Figure 5 gives a graphical representation of different ways of modelling the association, respectively using the current value, the current value plus the rate of change and the cumulative effect of the longitudinal trajectory.

Fig. 5
figure5

Graphical representation of different ways of modelling the association between the longitudinal and survival process. The different graphs respectively denote the current value (a), the current value plus the rate of change (b) and the cumulative effect (i.e., the AUC) of the longitudinal trajectory (c)

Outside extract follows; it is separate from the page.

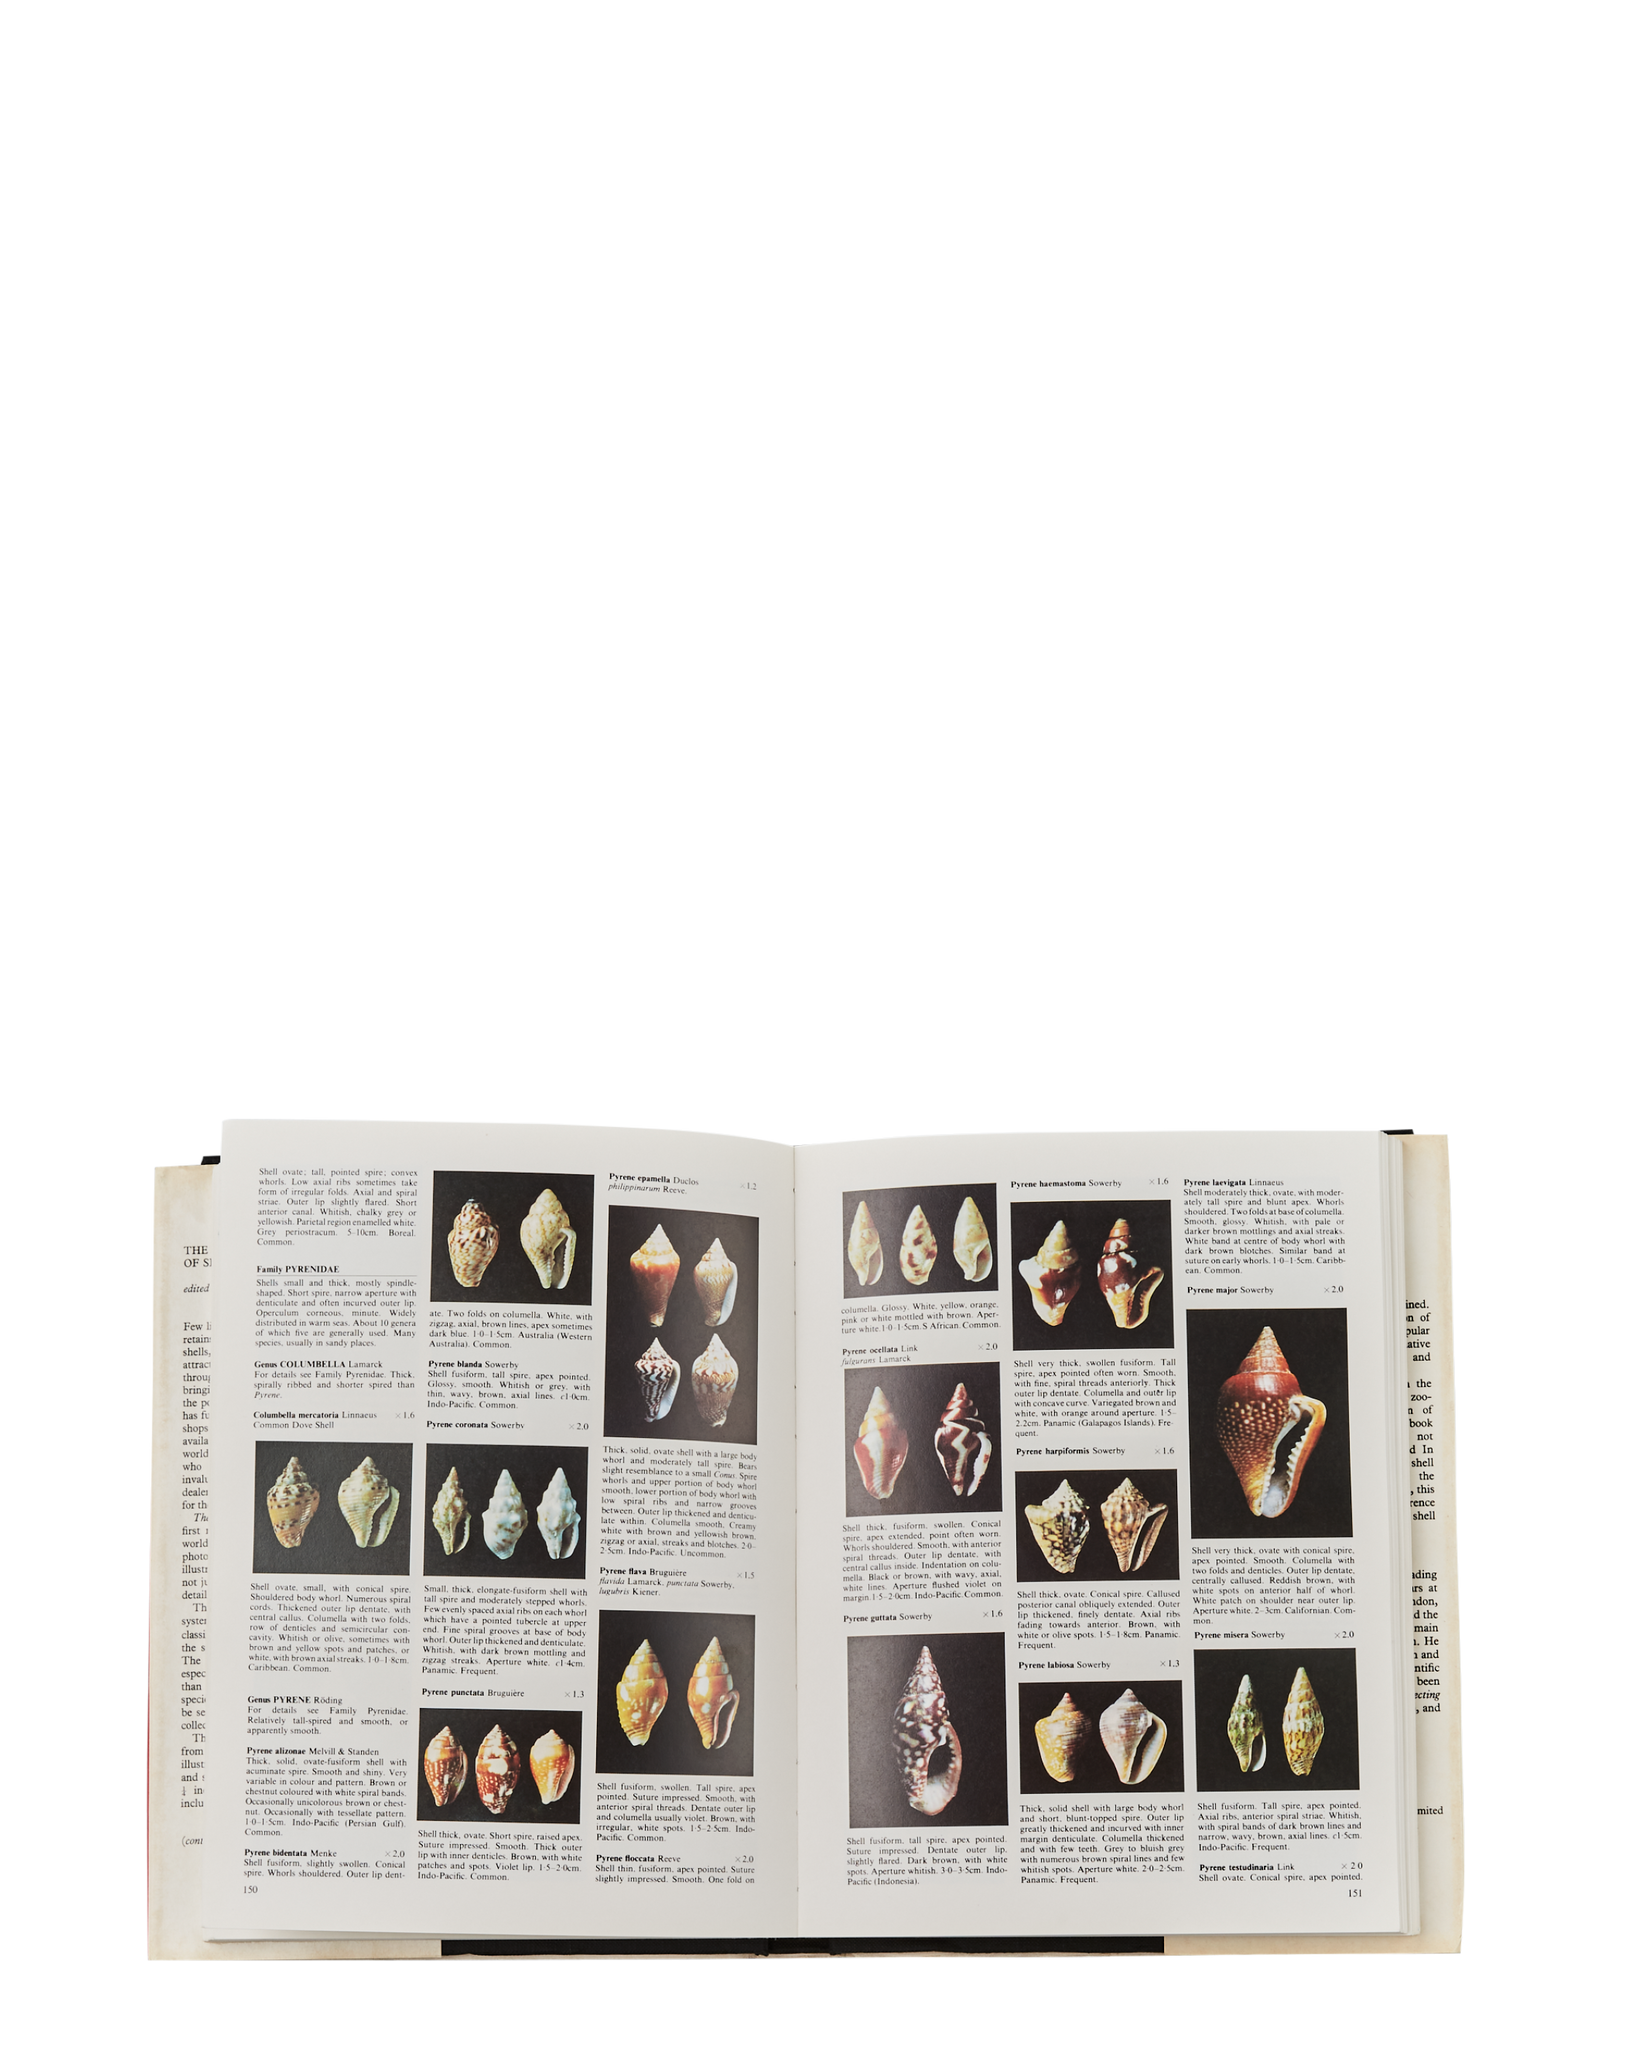 The Collectors Encyclopedia of Shells
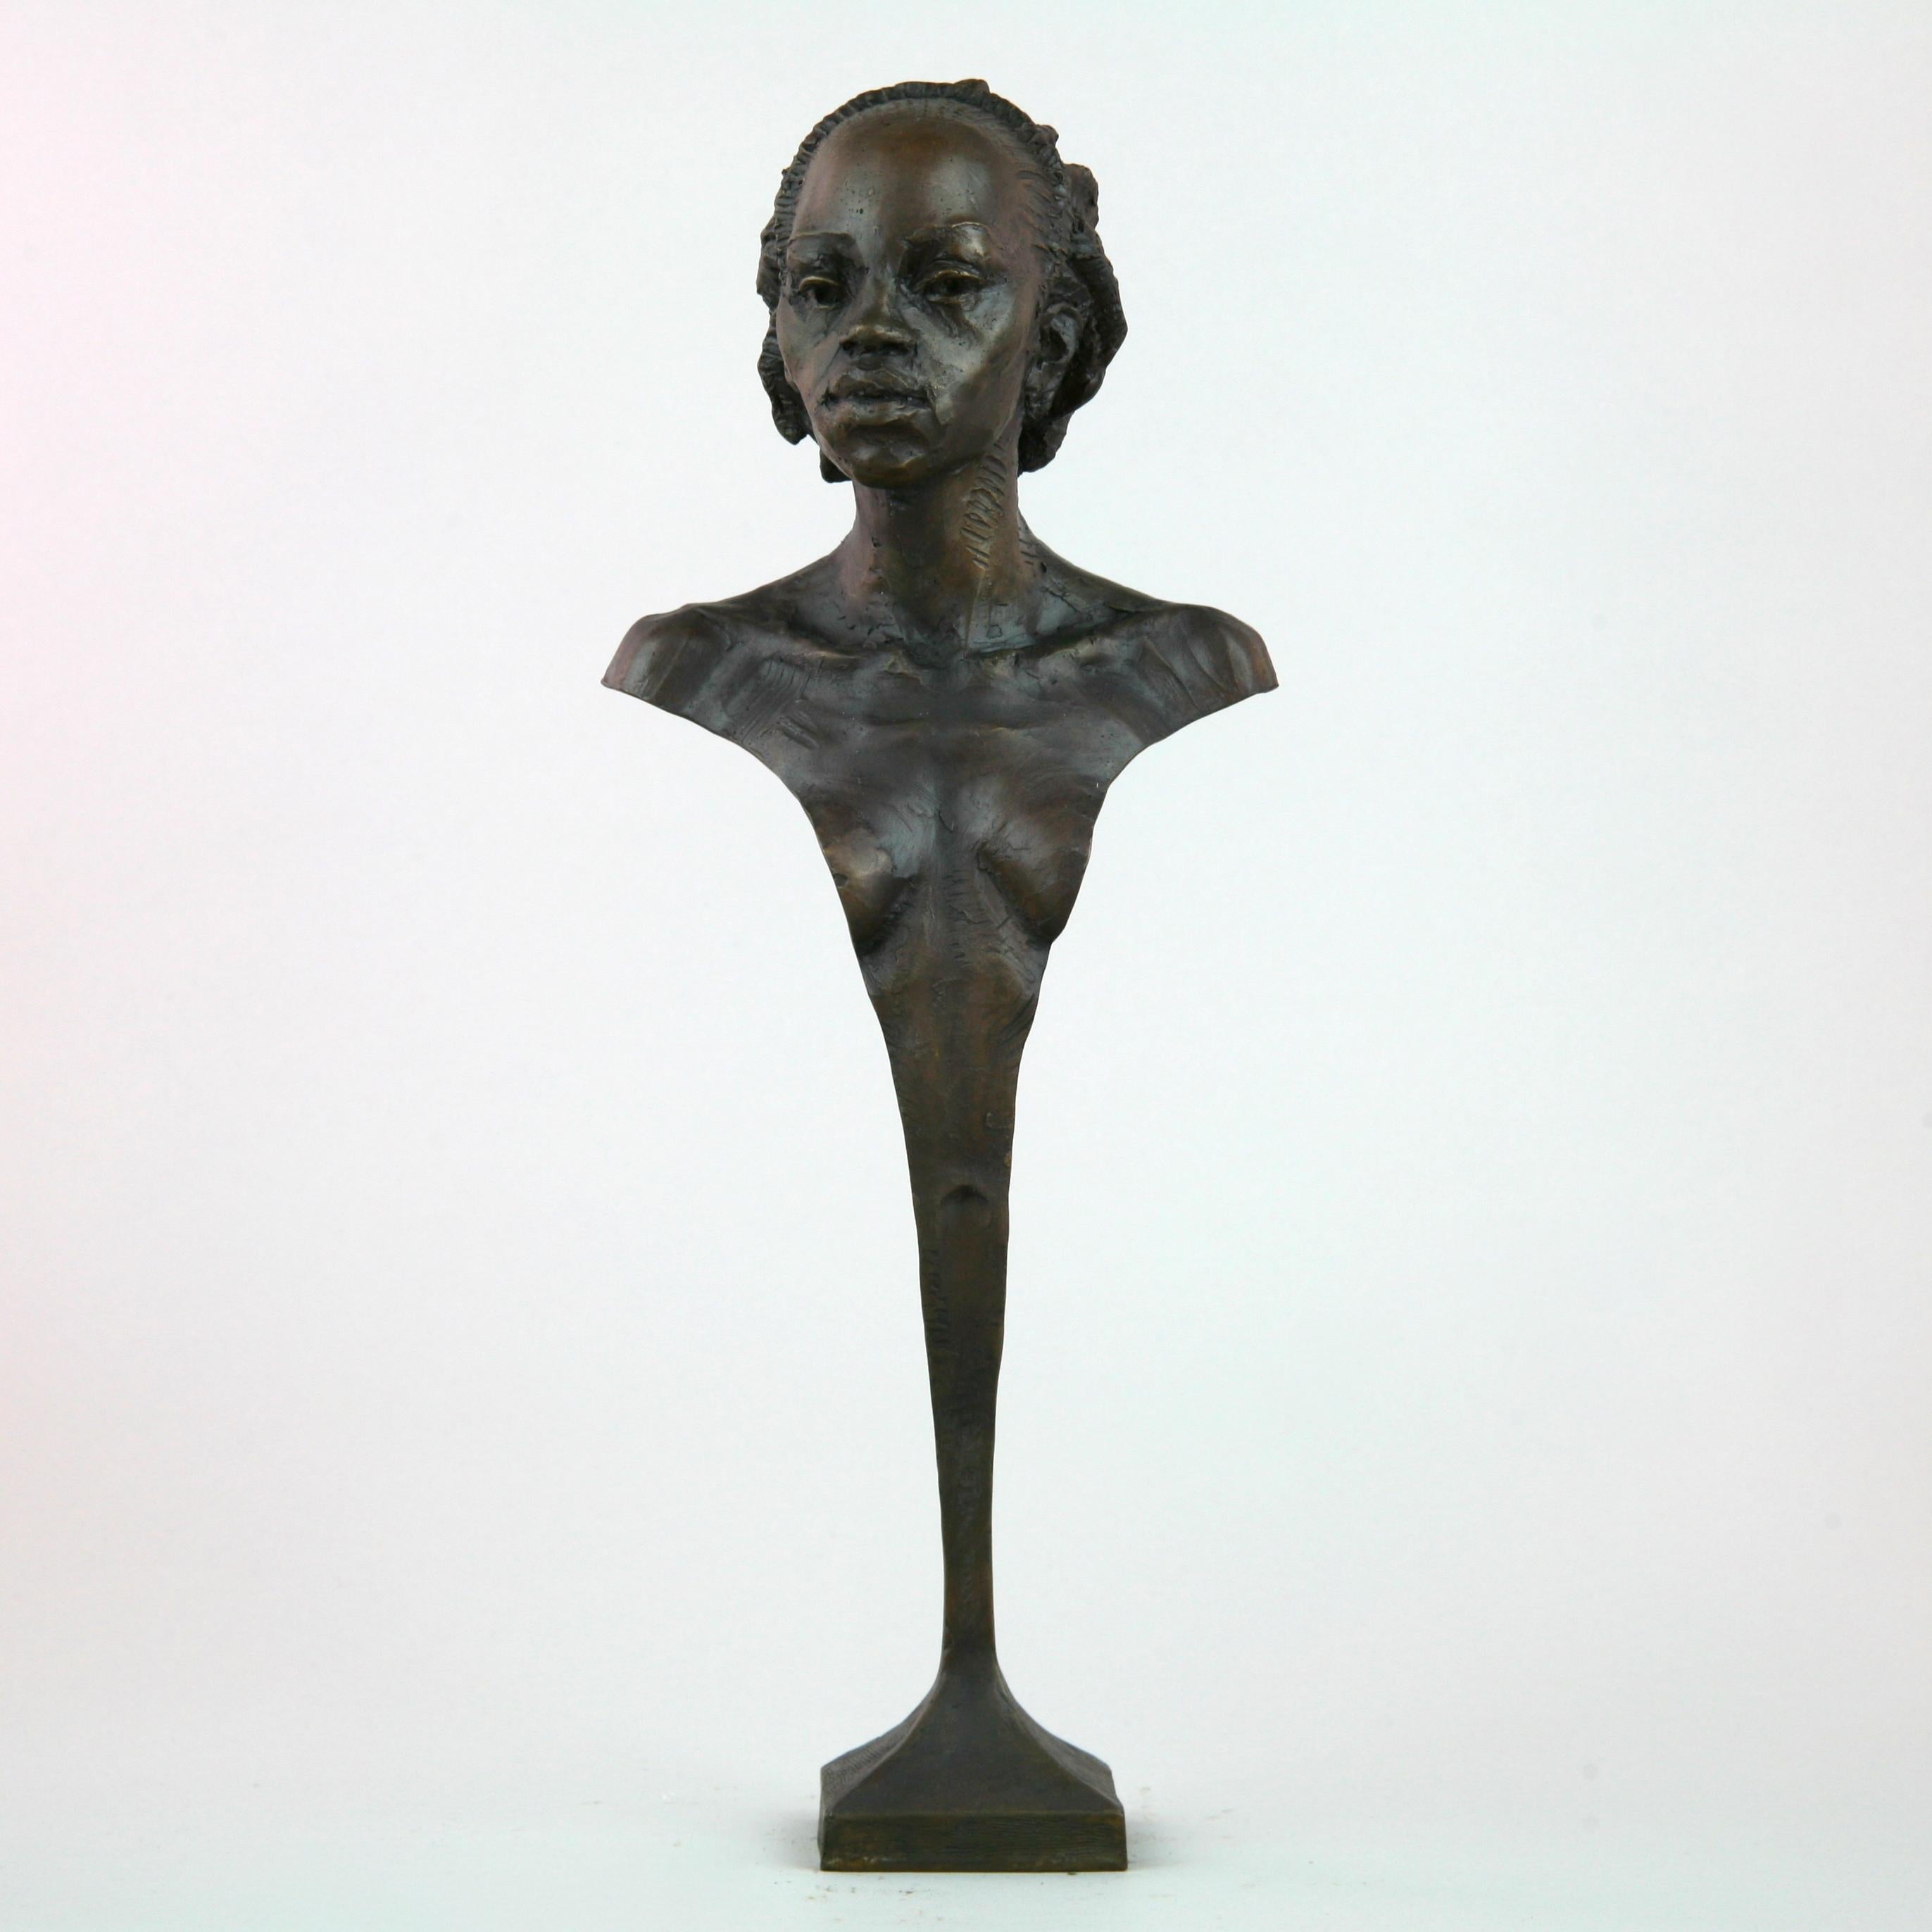 Andrzej Szymczyk Figurative Sculpture - Woman Warrior of Kau Bust - standing sculpture limited edition bronze art modern

All the statistical analyses in this paper were performed with statistical software package R, using R-package JM [32]. The package uses maximum likelihood for the parameter estimation and assumes right-censoring. The R code to fit the joint models can be found in the web appendix (Additional file 1).

Results

Note that results in this paper can to some extent differ from results in the LipiDiDiet main paper [22], since different types of models are used. In the main paper, mixed models were used that included the outcome baseline value as a covariate, according to a prespecified statistical analysis plan. In the results presented below, the mixed model approach is part of the joint models and in this mixed model approach, the outcome baseline values are included in the longitudinal trajectory. Modelling outcome baseline values as part of the trajectory is preferred in the joint model context as it maximises the amount of information that is used to estimate the association between the longitudinal data and the survival data.

Results of the standard joint model

Parameter estimates, standard errors, and associated p-values for the standard joint model are presented in Tables 1 and 2a, respectively for CDR-SB and NTB memory domain. Not surprisingly, from the longitudinal sub-models we observe that the CDR-SB and NTB memory domain scores significantly worsen over time, reflected by an increase of on average 0.61 (95% CI: 0.52-0.70) per year for CDR-SB and a decrease of on average 0.10 (95% CI: 0.04-0.16) per year for NTB memory domain. For the CDR-SB score, however, we see that there is significantly less worsening over time in the test group than in the control group, with the average increase being 0.23 (95% CI: 0.10-0.37) per year less in the test group compared to the control group.

Table 1 Results for the standard joint model for CDR-SB
Table 2 Results for the different types of joint models for NTB memory domain

Further, we observe that both scores have strong associations with the risk of receiving the dementia diagnosis. In particular, a unit increase in CDR-SB corresponds to a exp(α) = 2.0-fold increase (95% CI: 1.7-2.3), and a 0.2 unit decrease in NTB memory domain corresponds to a exp(−α×0.2) = 1.3-fold increase (95% CI: 1.2-1.4) in the risk of receiving the dementia diagnosis. Thus, as expected, high values for CDR-SB and low values for NTB memory domain are associated with higher risks of receiving the dementia diagnosis. Note that the association for NTB memory domain (z-score) is reported per 0.2-unit increase, instead of per 1 unit, since the former denotes a more realistic increase.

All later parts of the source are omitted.